The business secretary, Vince Cable, has claimed to be ending “the darker side of capitalism” by announcing he will press ahead with a new public register on company ownership to track the ultimate owners of UK companies, so making it more difficult for firms to evade tax or funnel corrupt funds.
Richard Murphy of Tax Research UK explains why the proposal as it stands won’t work and the small change that would make it effective:
My proposal was based on the simple fact that, as a matter of fact, every bank that now opens an account for a UK company is required by law to identify the beneficial owners of that company before they can proceed.
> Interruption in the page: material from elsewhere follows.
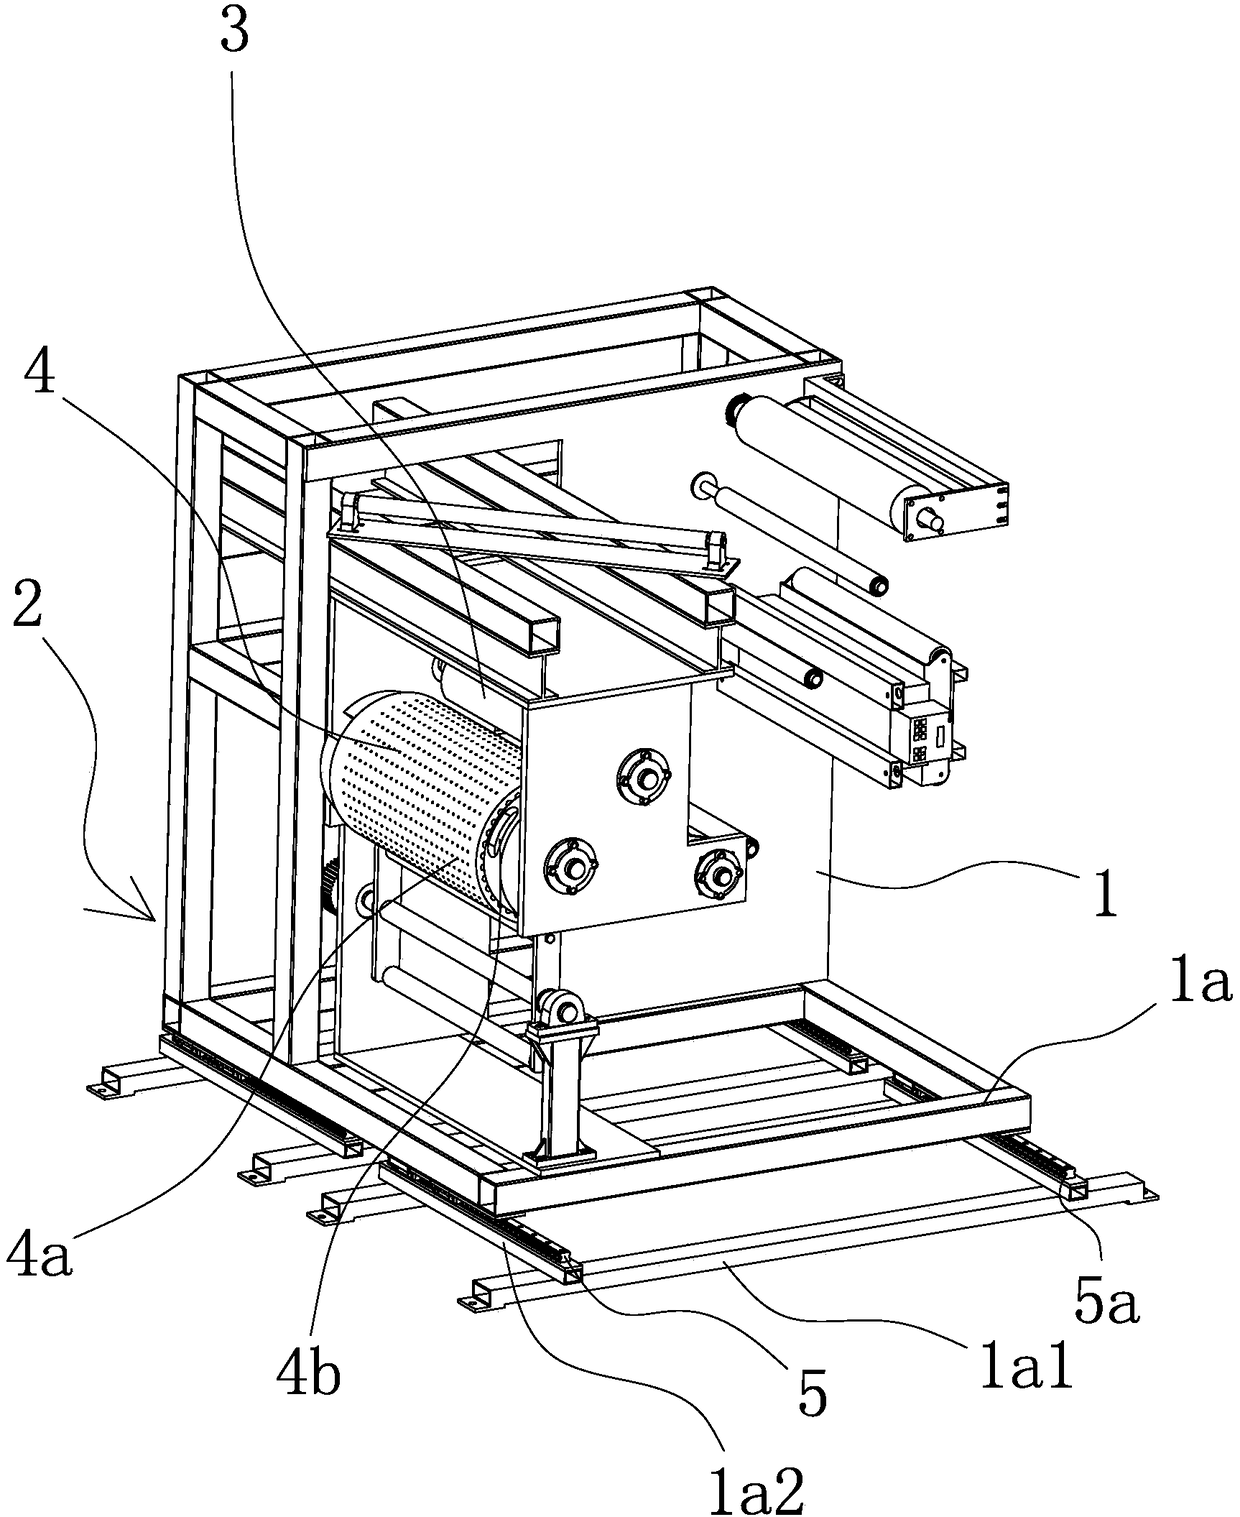 Automatic processing method of surgical drapes

Therefore, given that the vast majority of UK companies bank with UK banks, there is already available all the information that is needed to create this register of beneficial ownership and all we need to do is require that banks submit this information, which they already hold, to Companies House once a year to confirm that they are, first of all, running a bank account for the company in question (which then also proves that the company is trading, meaning that they are necessarily going to be required to submit a corporation tax return as well) and secondly that their ownership has been proven.
He tackles the opposition to making the proposals more robust:
As the Guardian reports this morning:
[B]usiness interests including the CBI, the Institute of Directors and the Law Society have mounted a rearguard action to kill off the plan, saying unilateral action would leave British firms at a competitive disadvantage.
The CBI had told the business department it would prefer a multilateral but private register. It had also warned of “foreseeable concerns around the security and use of publicly available data, such as the ‘profiling’ of individuals based on their company holdings or the targeting of individuals with holdings in certain companies.
The accountants Deloitte said a public register would discourage foreign investors in UK property and “over-expose the financial position of potentially vulnerable individuals such as children who are the beneficiaries of trusts, or indeed any beneficial owner who has valid reasons to want to protect their privacy”.
This is straightforward baloney. (I am trying to be kind here). To suggest that children will be at risk because they have property in trust is absurd: the fact that they have property is always widely advertised by things like living in large houses, going to very expensive schools and their parents’ conspicuous consumption on things like cars. And then there’s always the media. So Deloittes are simply being disingenuous.
As for the CBI, this is equally hypocritical. Have I heard such howls of protest from them about the sale of tax data to private companies? Oddly, no. And what, may I ask, is wrong with holding people to account for their decisions?
Now I am not accusing Deloitte, the CBI or the Law Society of being on the side of criminals, fraudsters and tax evaders. But just as is the case with their support for offshore secrecy their opposition to any element of transparency always happens to coincide their interests with those of such groups.
I know that what the CBI, Law Society and Deloitte all want is the opportunity to accumulate wealth unaccountably behind as many veils of secrecy as can be put in the path if those seeking to know what they are doing but that, of course, is exactly what the fraudsters, criminal and tax evader wants as well.
These ‘pillars of society’ should really think a little harder. Through their desire to promote their own selfishness (there is no other word for it) they seek to undermine the society that gives them their wealth. By wanting to destroy transparency and accountability they threaten democracy, which has been the bedrock of wealth.
It is this sort of thing that gives the impression that accountants and lawyers are enablers of a very unpleasant regime.